Once you’ve gained awareness, you can begin to shift your role. In his book, The Power of TED, John David Womeldorff (a life coach and executive leadership development professional) proposes the following three shifts:

  1. Victim → Creator
  2. Persecutor → Challenger
  3. Rescuer → Coach

Let’s explore each shift in more detail.

From Victim to Creator

If you most often take the role of the Victim, your shift is to become the Creator. The Creator wants to create and be their best self—it involves three key beliefs.

These beliefs are:

  1. I am enough.
  2. I get to choose my response to events in life.
  3. I am dedicated to learning and developing, even when I face hurdles or bumps in my journey.

From Persecutor to Challenger

If you find yourself slipping into the Persecutor role more often than not, your goal is to become the Challenger. Challengers encourage themselves (and others) to step up and grow so they can become the best person they can be. They have three key beliefs:

  1. We’re meant to learn and grow.
  2. In a world that’s unpredictable, my values are the most important thing.
  3. Life isn’t about blame and judgment but about being honest.

From Rescuer to Coach

If you read about the Rescuer role and thought, “That’s me!” your task is to become a Coach. Coaches ask the fundamental question, “What do I want?” The Coach role is about being curious about your aspirations and finding new and innovative ways to achieve your goals. The three key beliefs of a Coach are:

  1. Every human has innate wisdom.
  2. I fully trust the discovery process.
  3. I am the only one who has the power to decide what I want.
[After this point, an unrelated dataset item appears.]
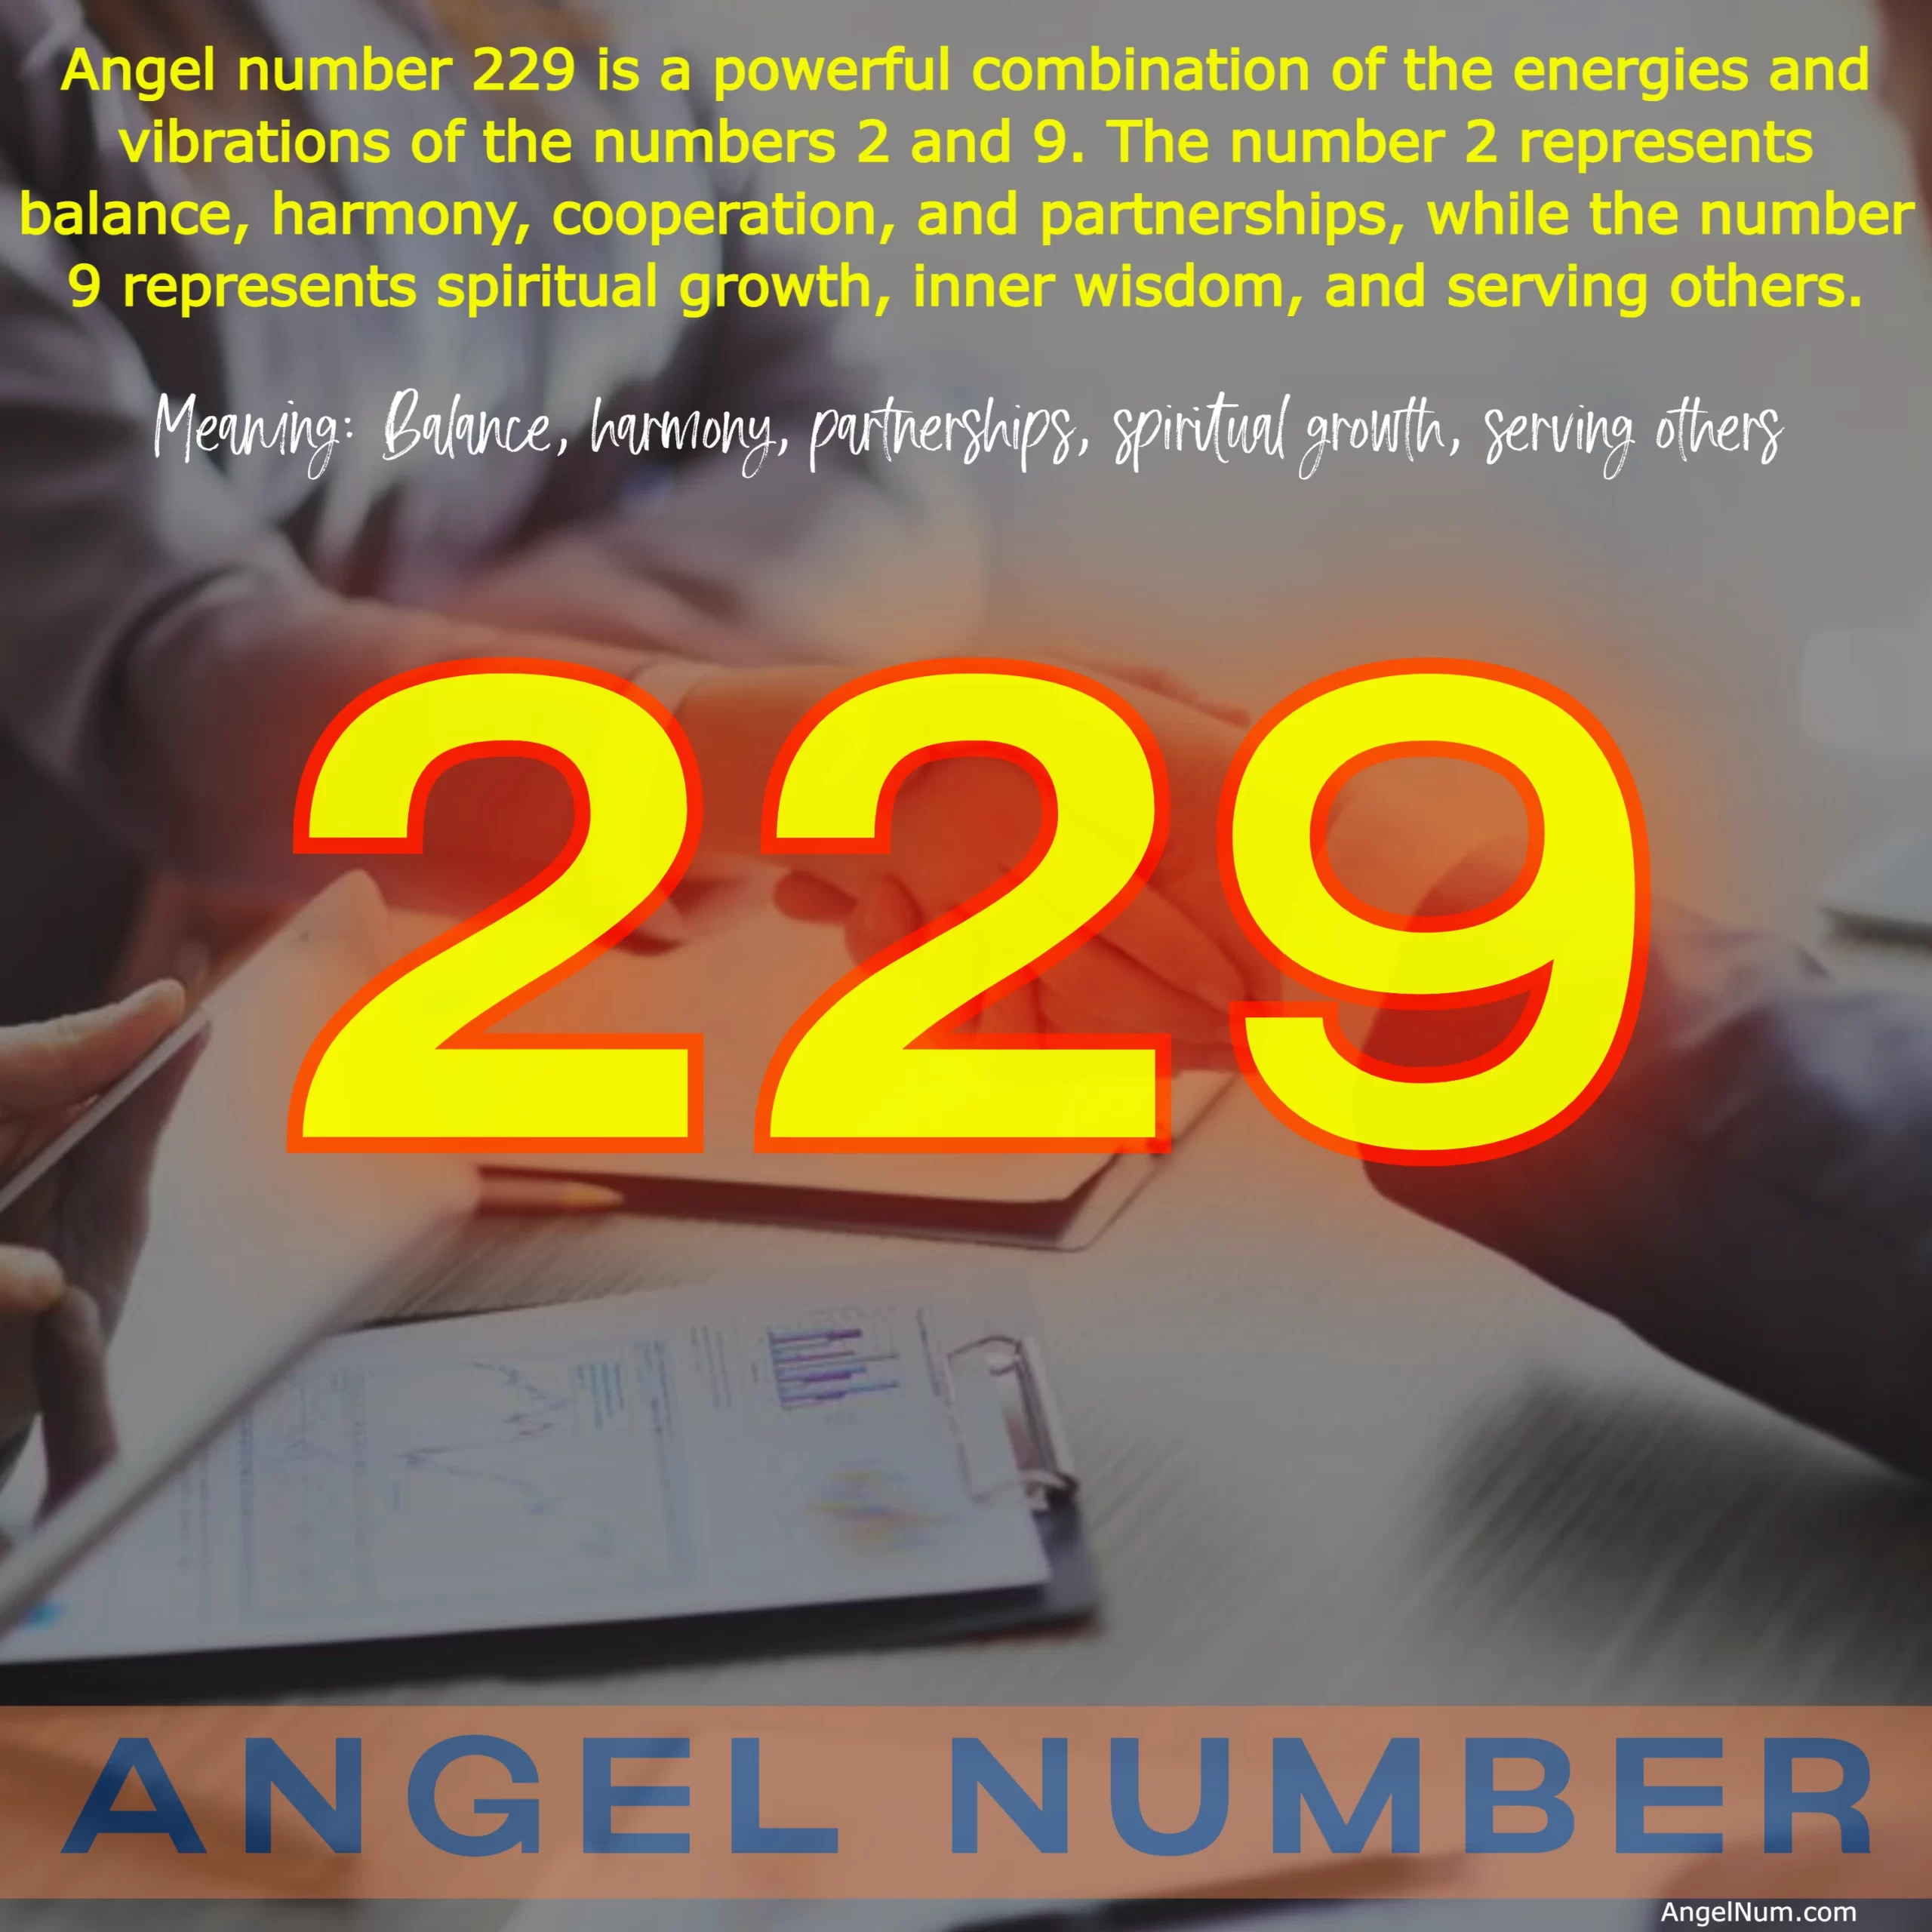 Angel Number 229: Meaning, Symbolism, and Significance

3. Seek Professional Support

It is possible to step out of the Victim-Persecutor-Rescuer-Triangle by yourself, but it takes a lot of hard work and determination. Therefore, the third step to escaping the Drama Triangle for most is to seek professional support from a counselor, therapist, or psychiatrist.

Mental health professionals are highly trained to help you understand your unhealthy patterns of behavior. What’s more, they can help you process your past unhealthy relationships and give you the tools to act in different ways; i.e., to make the shift from Victim to Creator, Persecutor to Challenger, or Rescuer to Coach.

Final Word on the Karpman Drama Triangle

If you find yourself getting into drama too often, chances are you’re stuck in the Karpman Drama Triangle. Whether you fall into the Victim, Persecutor, or Rescuer role, these unhealthy patterns of behavior could be stopping you from experiencing truly healthy, mutually fulfilling relationships.

The good news is that this cycle doesn’t have to be your permanent pattern of behavior: you can choose to escape it. Releasing yourself from the Drama Triangle requires enhanced self-awareness, learning about the direction you need to shift in (and why), and perhaps consulting a mental health professional for support.

Once these steps are taken, the door to the past will close, and the one to a positive future will open – one with healthy, meaningful relationships that stand the test of time.

 

Emerald, D. (2015). The Power of TED* (*the Empowerment Dynamic): 10th Anniversary Edition. Polaris Publishing.

Fjelstad, M. (2013). Stop Caretaking the Borderline Or Narcissist: How to End the Drama and Get on with Life. Rowman & Littlefield Publishers.

Karpman, S. (1968). Fairy tales and script drama analysis. Transactional analysis bulletin, 7(26), 39-43.

Karpman, S. (1984). Frustration and Burnout. In Bulletin of the Eric Berne Seminar (Vol. 4, No. 1, pp. 7-11).

Lac, A., & Donaldson, C. D. (2020). Development and validation of the drama triangle scale: Are you a victim, rescuer, or persecutor? Journal of Interpersonal Violence, 37(7–8), NP4057–NP4081.

McMahon, D. (2005). The drama triangle. The skilled facilitator fieldbook: Tips, tools, and tested methods for consultants, facilitators, managers, trainers, and coaches, 421-431.

Vago, D. R., & Silbersweig, D. (2012). Self-awareness, self-regulation, and self-transcendence (S-ART): a framework for understanding the neurobiological mechanisms of mindfulness. Frontiers in Human Neuroscience, 6.